# Quartz für Java 1.5



## The_S (14. Jan 2009)

Hi-Ho,

ich möchte gerne Quartz ( http://www.opensymphony.com/quartz/ ) einsetzen, kann aber kein Java 6 verwenden. Wenn ich einen Zugriff auf die neuste Version (1.6.4) mit Java 5 tätige, bekomme ich die BadClassVersion-Meldung - also gehe ich mal davon aus, dass Quartz mit Java 6 kompiliert wurde.

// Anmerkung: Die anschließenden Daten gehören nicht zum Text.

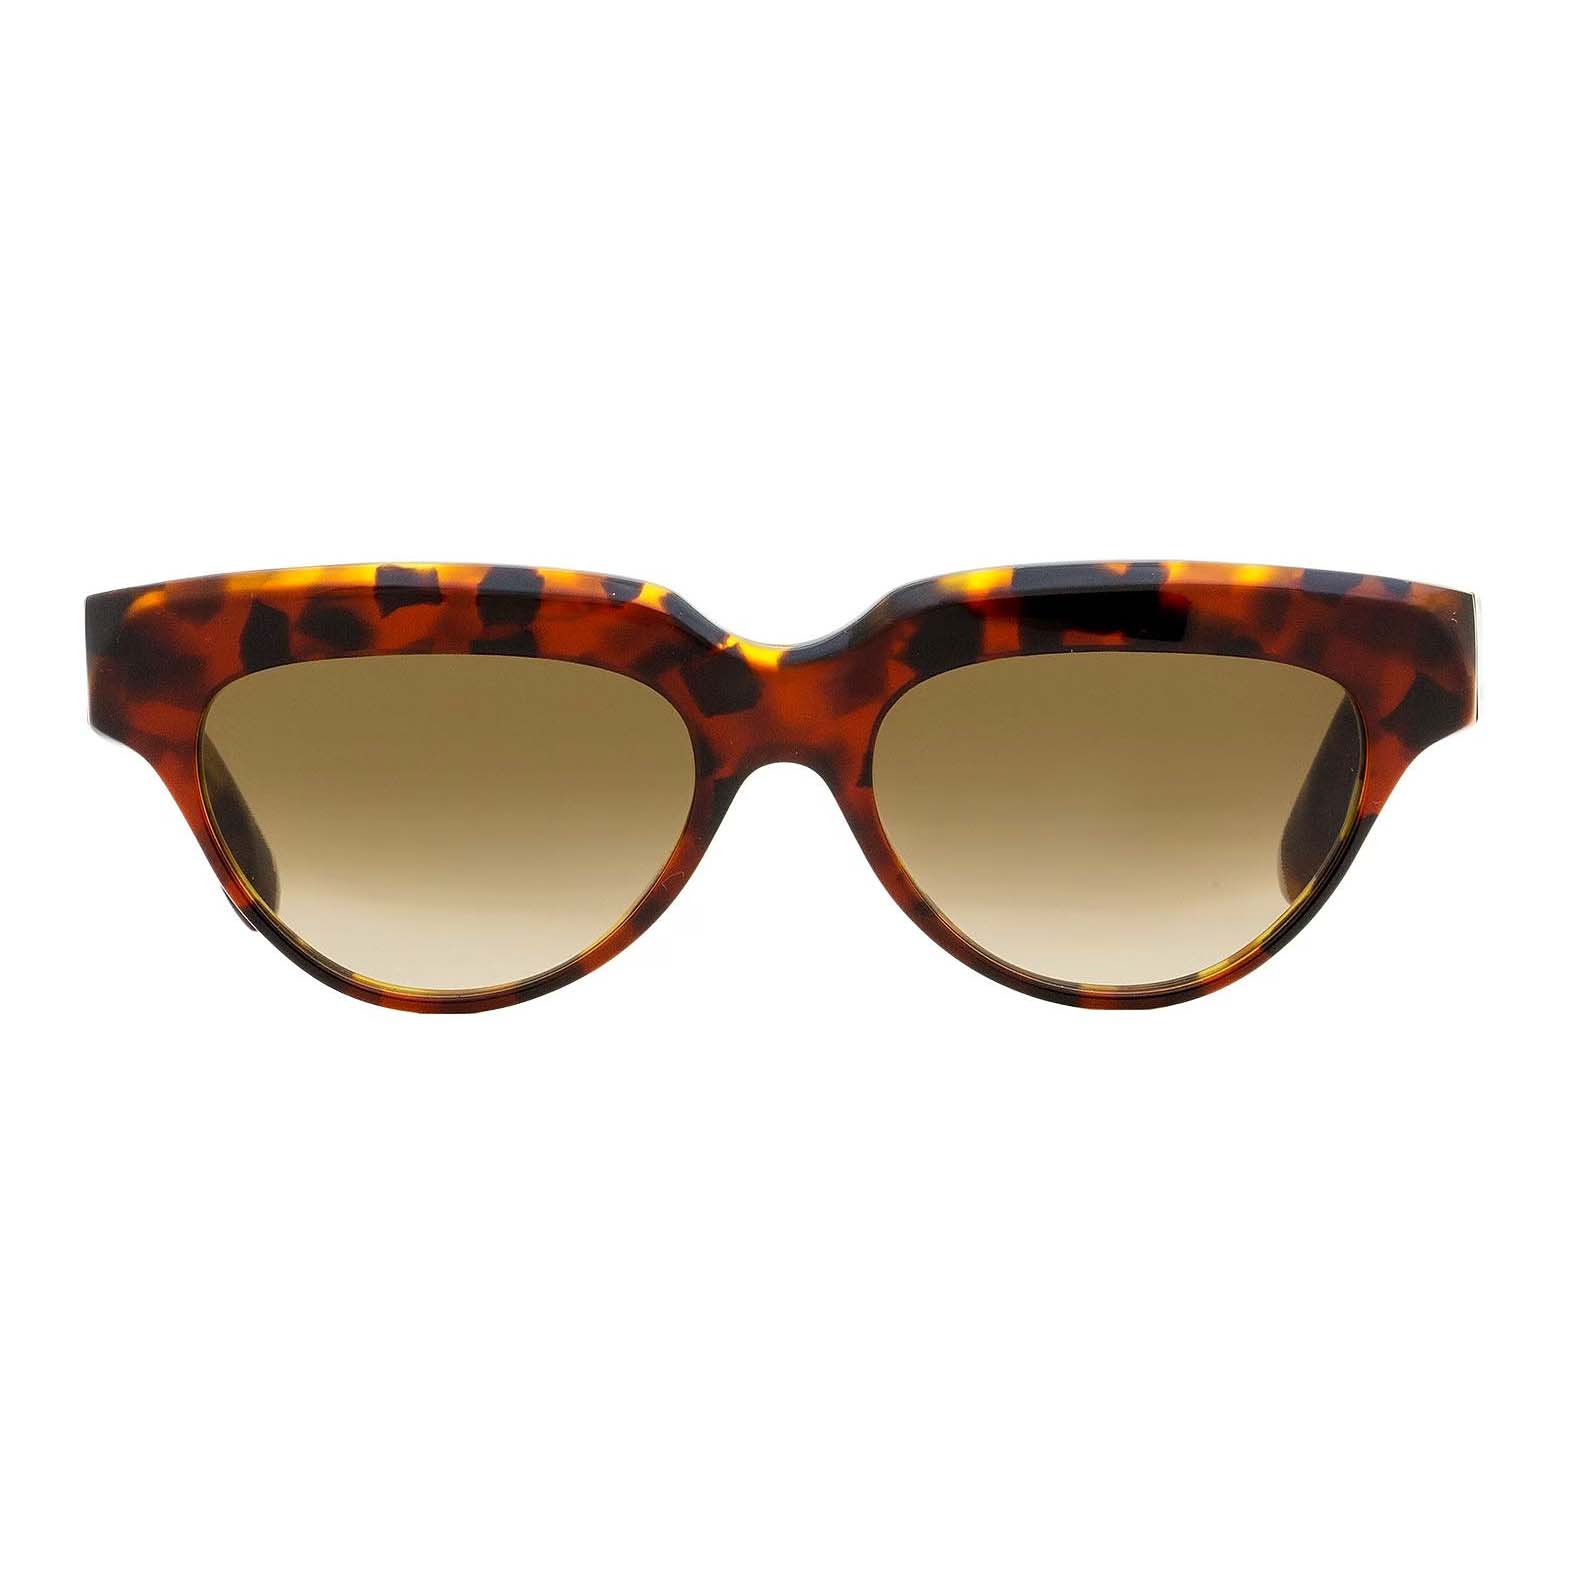 Солнцезащитные очки Victoria Beckham Cateye VB602S, красный/мультиколор солнцезащитные очки tropical кошачий глаз оправа пластик градиентные для женщин черный

Wer kann mir eine Version nennen, die mit Java 5 läuft?

Danke und Gruß


----------



## kama (14. Jan 2009)

Hi,

die Release 1.6.0 läuft auf jeden fall, da ich die selbst verwende....aber im ChangeLog etc. steht nichts drin, dass 1.6 verwendung findet.....Wie bindest Du denn die neue Releasae ein? per Maven ?

MfG
Karl Heinz Marbaise


----------



## The_S (14. Jan 2009)

Momentan dreht es sich bei uns erst um Testzwecke, ob das Tool überhaupt geeignet ist. Ich hab mir also in Eclipse einfach ein neues Projekt erstellt, und die quartz-all-...jar in den Buildpath eingebunden - total simpel also  .

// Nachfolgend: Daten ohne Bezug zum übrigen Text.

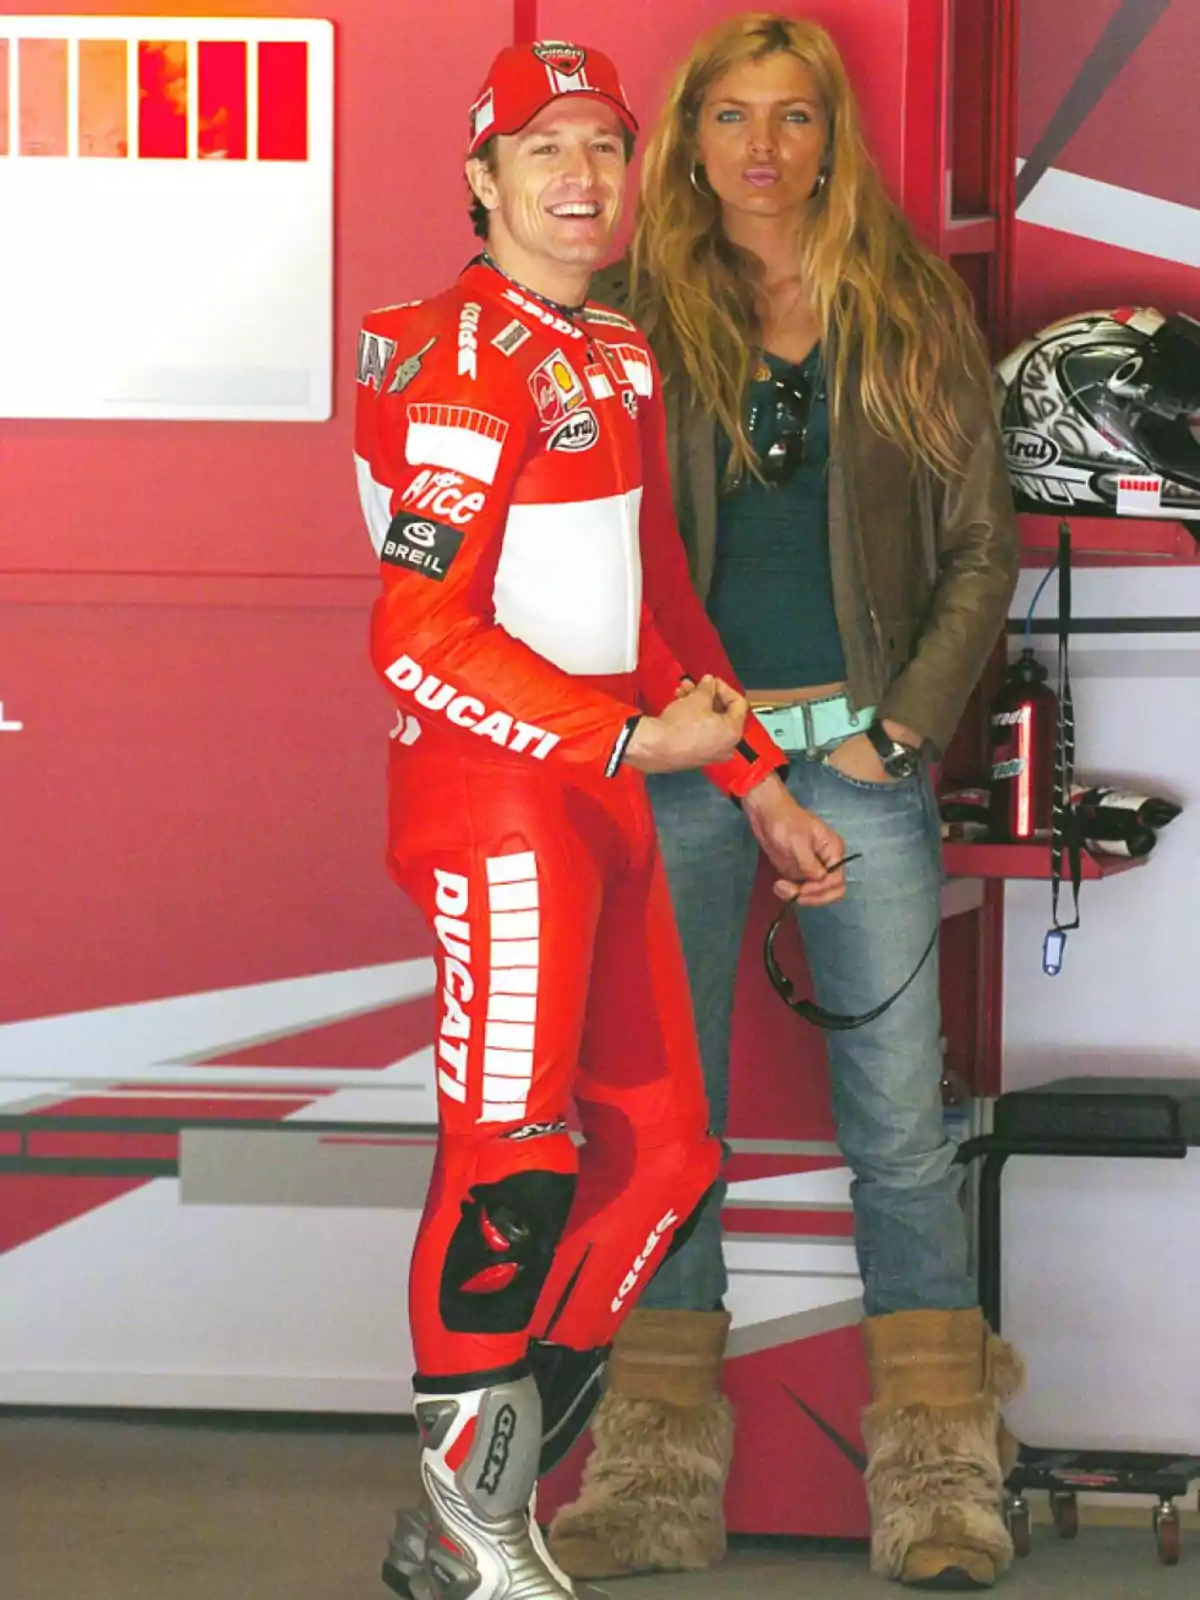 Un piloto de motociclismo con traje rojo de Ducati sonríe junto a una mujer rubia en un garaje.

Verwende ich die JRE 5 geths nicht, verwende ich die JRE 6, dann gehts ...


----------



## kama (14. Jan 2009)

Hi,

habe gerade nochmal reingeschaut und das Teil ist mit Java 1.5 übersetzt....und source/target für den Compiler ist 1.3 angegeben....(im Ant Script) ....


			
				Hobbit_Im_Blutrausch hat gesagt.:
			
		

> ob das Tool überhaupt geeignet ist.


Die Frage ist wozu es eingesetzt werden soll....


			
				Hobbit_Im_Blutrausch hat gesagt.:
			
		

> Verwende ich die JRE 5 geths nicht, verwende ich die JRE 6, dann gehts ...


Hm....Komisch....

MfG
Karl Heinz Marbaise


----------



## The_S (14. Jan 2009)

Sorry, falsch ausgedrückt. Ich teste momentan mehrere Tools fürs Scheduling. Und da such ich halt, welches am Besten zu uns passt. Nobel wäre eine Anbindung an den SAP NetWeaver ApplicationServer ...

Aber danke für deinen Hinweis, ich guck noch mal!


----------



## The_S (14. Jan 2009)

Hm, auch mit Quartz 1.6.0 bekomme ich noch eine Fehlermeldung



> java.lang.UnsupportedClassVersionError: Bad version number in .class file
> at java.lang.ClassLoader.defineClass1(Native Method)
> at java.lang.ClassLoader.defineClass(ClassLoader.java:620)
> at java.security.SecureClassLoader.defineClass(SecureClassLoader.java:124)
> ...


----------



## The_S (14. Jan 2009)

Sorry, lag an was anderem. Kommando zurück, jetzt gehts erstmal!


----------